QUESTION: What are the top words in newsgroup comp.sys.ibm.pc.hardware
by their count ?
ANSWER: Iterating over the dictionary corresponding to comp.sys.ibm.pc.hardware
we get the top ten words as {space orbit launch use like time mission year earth moon}. Like wise we get the most common words in each newsgroup by their count.
word_dic = ng_dict_of_words['comp.sys.ibm.pc.hardware']
word_df = pd.DataFrame.from_dict(word_dic, orient='index')
print(word_df.T.iloc[0:1,0:10])
## drive use card ani control disk work problem know ide
## 0 990 792 537 476 441 384 369 356 333 309
Various other approaches to explore words in news groups include graphical methods, which help us visualize the distribution of words across news groups. We can use matplotlib.pyplot
to draw differnt graphs.
Next we will explore various algorithms for text classification.
5 Text Classification…
Text classification is done using various machine learning algorithms. The most popular ones are
- MultinomialNB
- LogisticRegression
- SVC
The goal of the text classification
is to predict which newsgroup a post belongs to based on the post text.
BOW
and TF-IDF
are two different techniques for text classification
Bag of Words (BoW) is an algorithm that counts frequency of a word in newsgroups. Those word counts allow us to compare different newsgroups and gauge their similarities for applications like search, topic modeling etc.
In TF-IDF
, words are given weight. TF-IDF measures relevance, not frequency. That is, wordcounts are replaced with TF-IDF scores across the whole dataset.

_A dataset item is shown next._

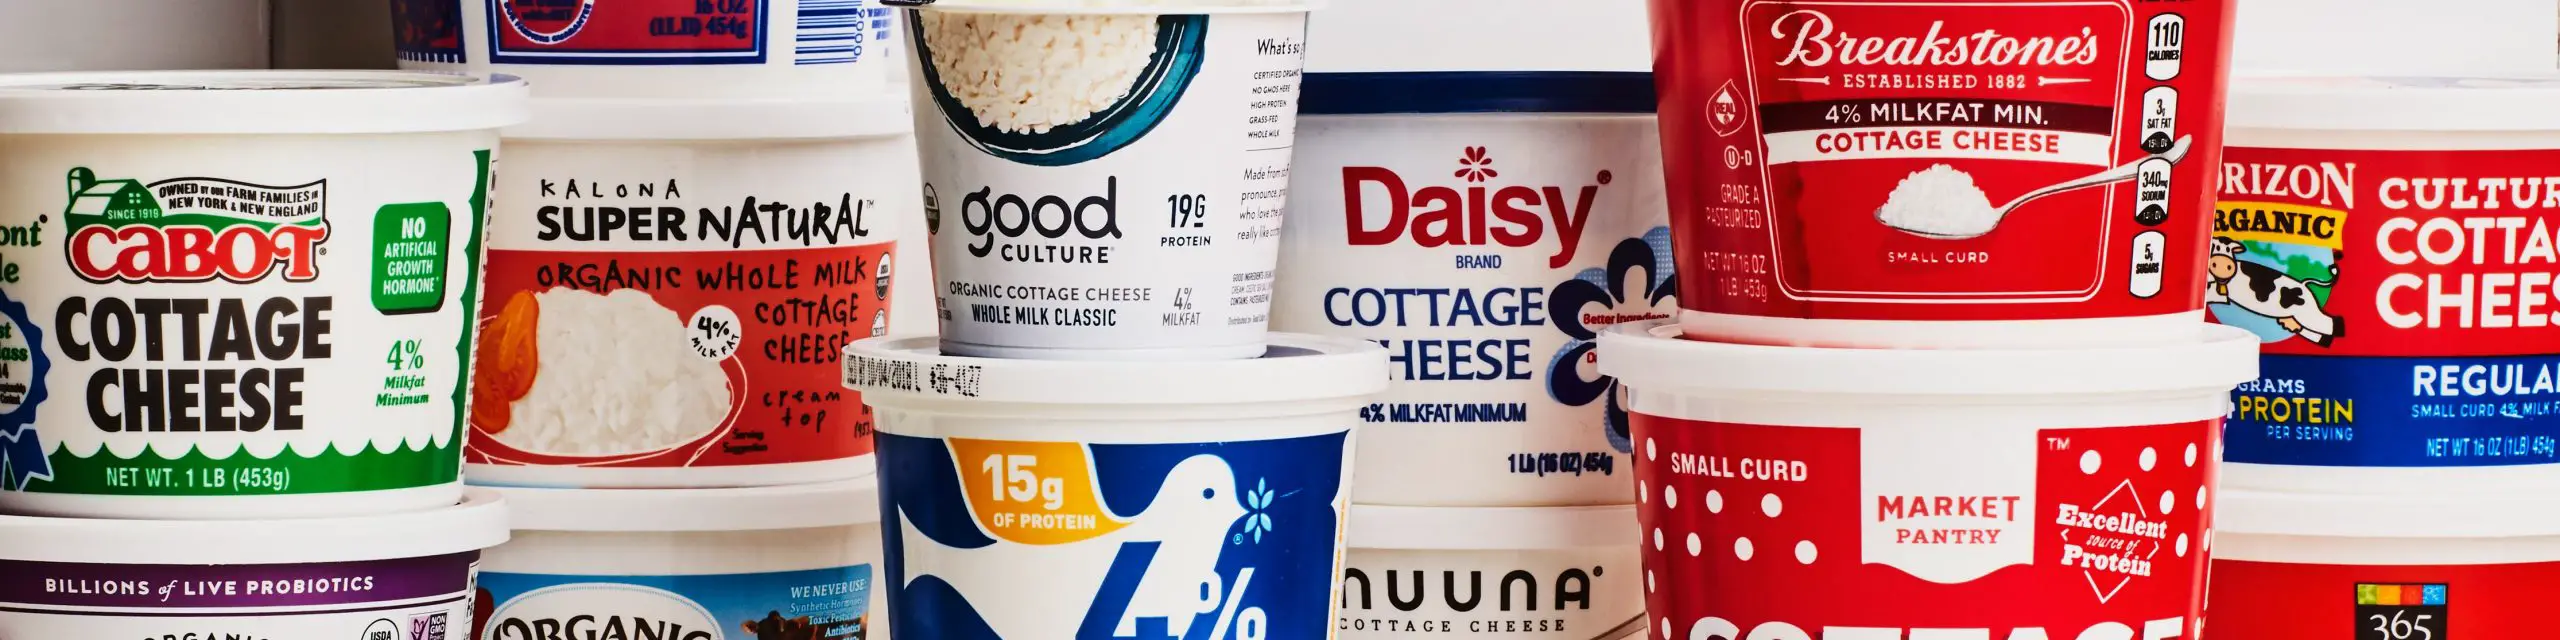 Best Cottage Cheese Brand ~ The Vibrant Cottage

To use text classification algorithm we need to randomly separates data into training and testing dataset and fit
the classifier with selected training data. A classifer
defines model for text classification. The score
gives us the accuracy for testing data.
Different classifiers can give us different results for accuracy. Accuracy depends on the specific problem, number of categories and differences between them, etc.
6 Evaluation…
Evaluation of the model can be done using the confusion matrix which can be ploted using the heatmap plot. A basic heatmap is shown below
The confusion matrix depicts the wrongly classified records. For example 4 articles from comp.graphics are wrongly classified as comp.windows.x.
***7 Slide show
knitr::include_url('/slides/NewsGroupsAnalysis.html')
Summary:
Text classifcation has usefull applications in detection of spam pages, personal email sorting, tagging products or document filtering, automatic classification of the text based on its contents, sentiment analysis etc. There are different methods and models availble in sklearn
and nltp
libraries in python which can be utilized for text classification and natural language processing applications.